BERKELEY CITY COUNCIL | Nearly two years ago, East Bay resident John Henneberry sat lonely and patiently at the San Lorenzo Library waiting for a soul willing to just listen to his proposal to right the wrongs of President George W. Bush’s presidency. His plan did not stem from the collapse of the nation’s economy and quickly rising unemployment blamed by many on Bush, but even more serious matters, he believed. Henneberry, instead, wants to prosecute the former president for war crimes and he finally has someone listening.
A week after the national press lapped praise on the era of President George W. Bush following the dedication of his presidential library, the Berkeley City Council is poised to bring the two-term commander-in-chief back to reality.
On Tuesday, the Berkeley City Council, famously on the cutting edge of passing progressive resolutions and legislation outside the sphere of the East Bay, will discuss a proposal that would instruct the Alameda County District Attorney to prosecute Bush and others for war crimes committed during the Iraq War.
The proposal may appear symbolic, but Henneberry believes he has a novel approach—focus the prosecution against Bush only for the deaths of Alameda County soldiers killed in action.

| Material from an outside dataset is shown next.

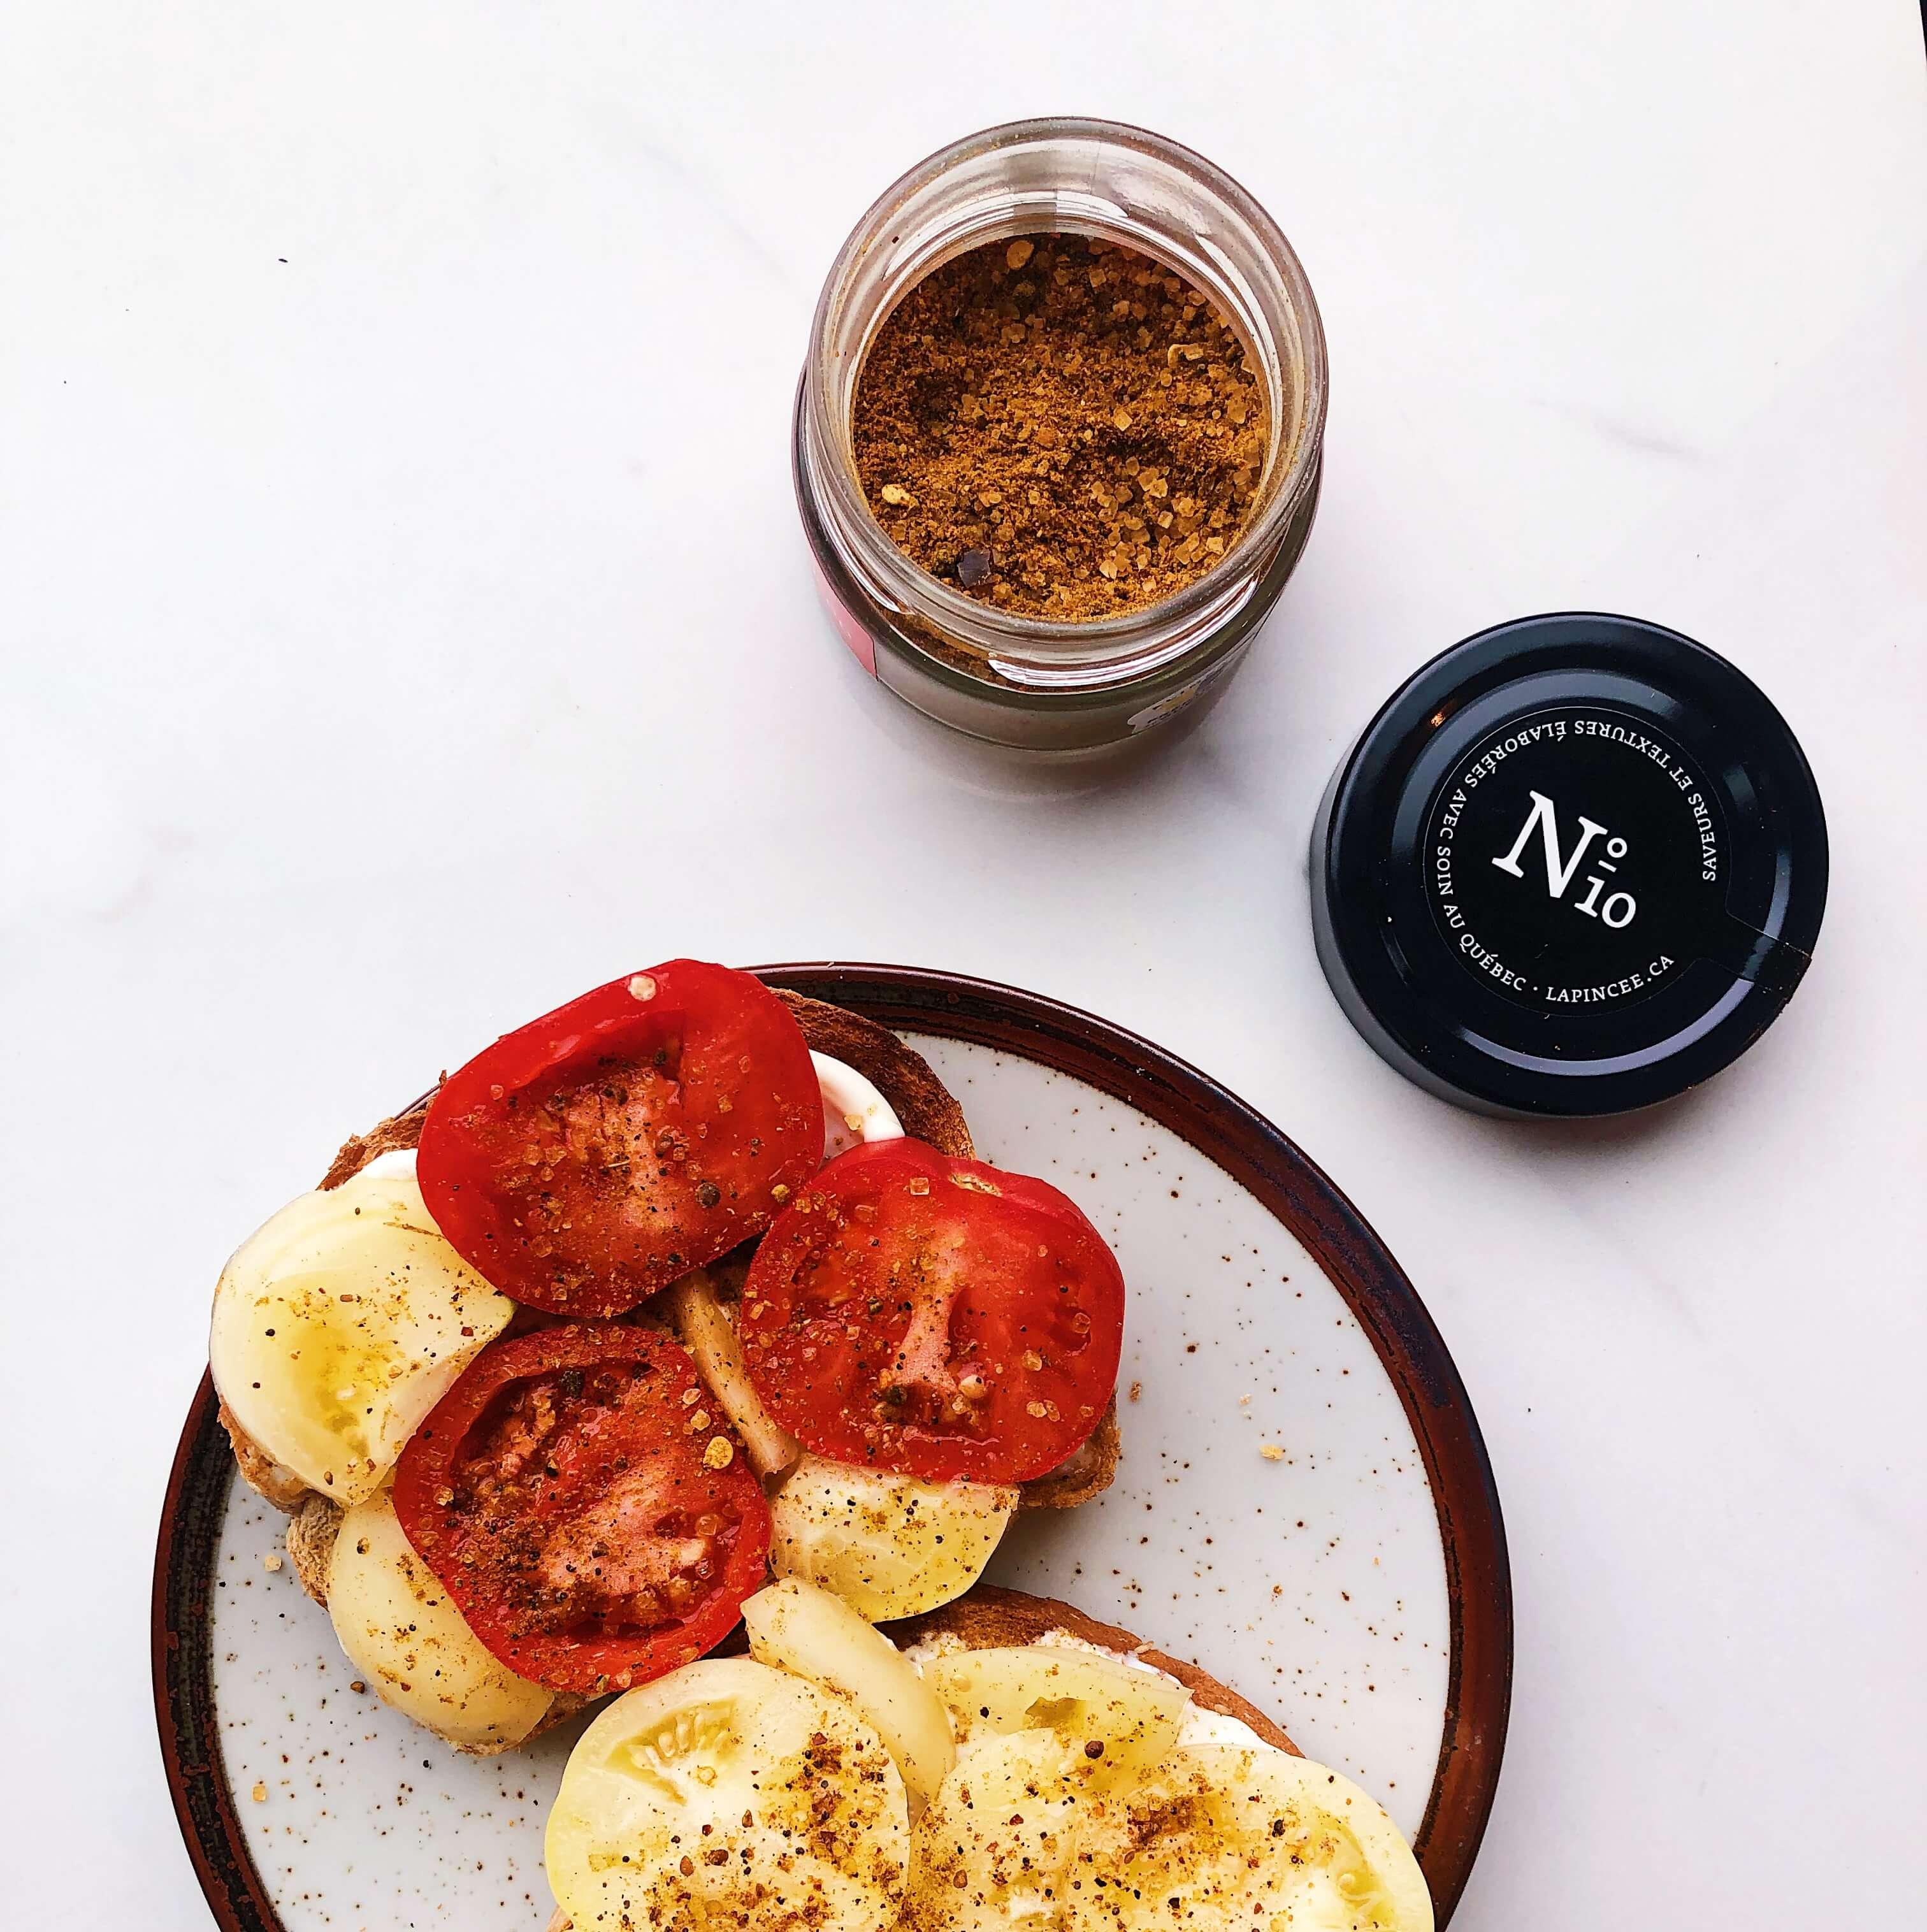 Tomato on toast with fancy salt from La Pincée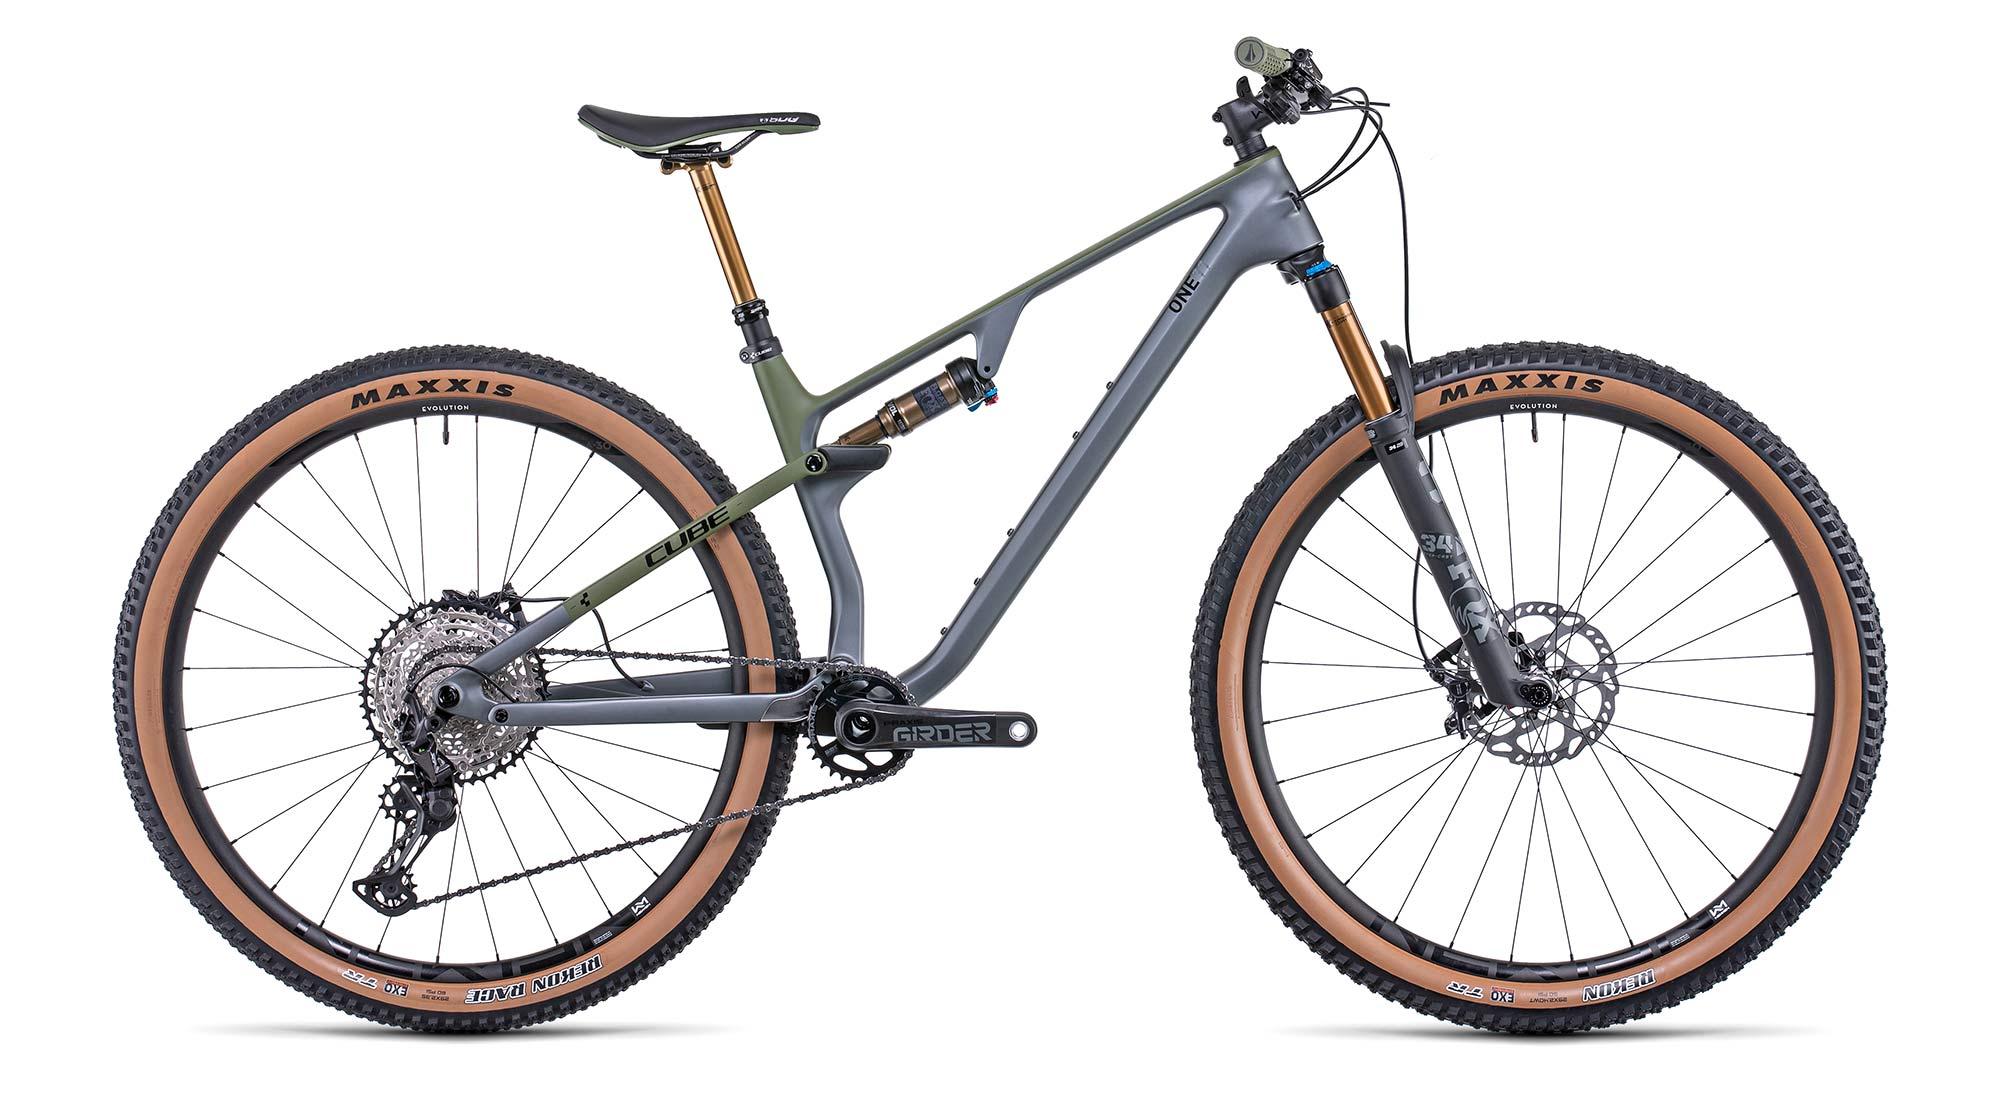 2022 Cube AMS One11 C:68X 29, lightweight carbon XC Marathon Trail mountain bike,TM complete

In fact, Henneberry’s dogged zeal for the cause has been going on since he read a book by nationally-known attorney Vincent Bugliosi, titled, The Prosecution of George W. Bush for Murder. Henneberry told The Citizen last year the book was the inspiration for his campaign and has spoken and coordinated his efforts with Bugliosi.
The Berkeley resolution was first approved last February by the council’s Peace and Justice Commission, 6-2, with one abstention. The Berkeley city manager’s office took no position on the matter, according to the staff report.
If the resolution is approved, a letter will be sent to Alameda County District Attorney Nancy O’Malley asking her office to “prosecute George W. Bush and his co-conspirators for murder for the deaths of Alameda County resident that were killed in Iraq as a result of the 2003 invasion of that country.”
The legal rationale for bringing the case to the county D.A. stems from an announcement in 2009 the federal government would not seek to prosecute any member of the Bush administration for any crimes allegedly committing during the run-up to war in 2003 and after. Therefore, according to Henneberry and the proposed resolution, Alameda County is the next avenue for prosecution. Eleven Alameda County residents have been killed in the war, according to the resolution.
The crux of the argument surrounds allegations the Bush administration deceived the American people over the reasons for invading Iraq in March 2003 and invalidated congress’ approval for military action.
The resolution also names Donald Rumsfeld and Condoleezza Rice, but reserves stern condemnation for Bush, holding him “criminally accountable for their actions before any tribunal with jurisdiction over the matter.”
Henneberry’s keen sense of right and wrong also extends closer to his Tri Cities home. When Mary Hayashi, the former Hayward assemblywoman was charged with shoplifting from Neiman Marcus in 2010, it was Henneberry who repeatedly called her office asking her to resign.
When she ignored his demands, he painted his plea on a large plywood sign and stood on the street corner near Hayashi’s office. He continued his one-man protest even after Hayashi’s staff called the police asking him to leave. Clearly exercising his right to free speech, Henneberry returned the next day and the day after.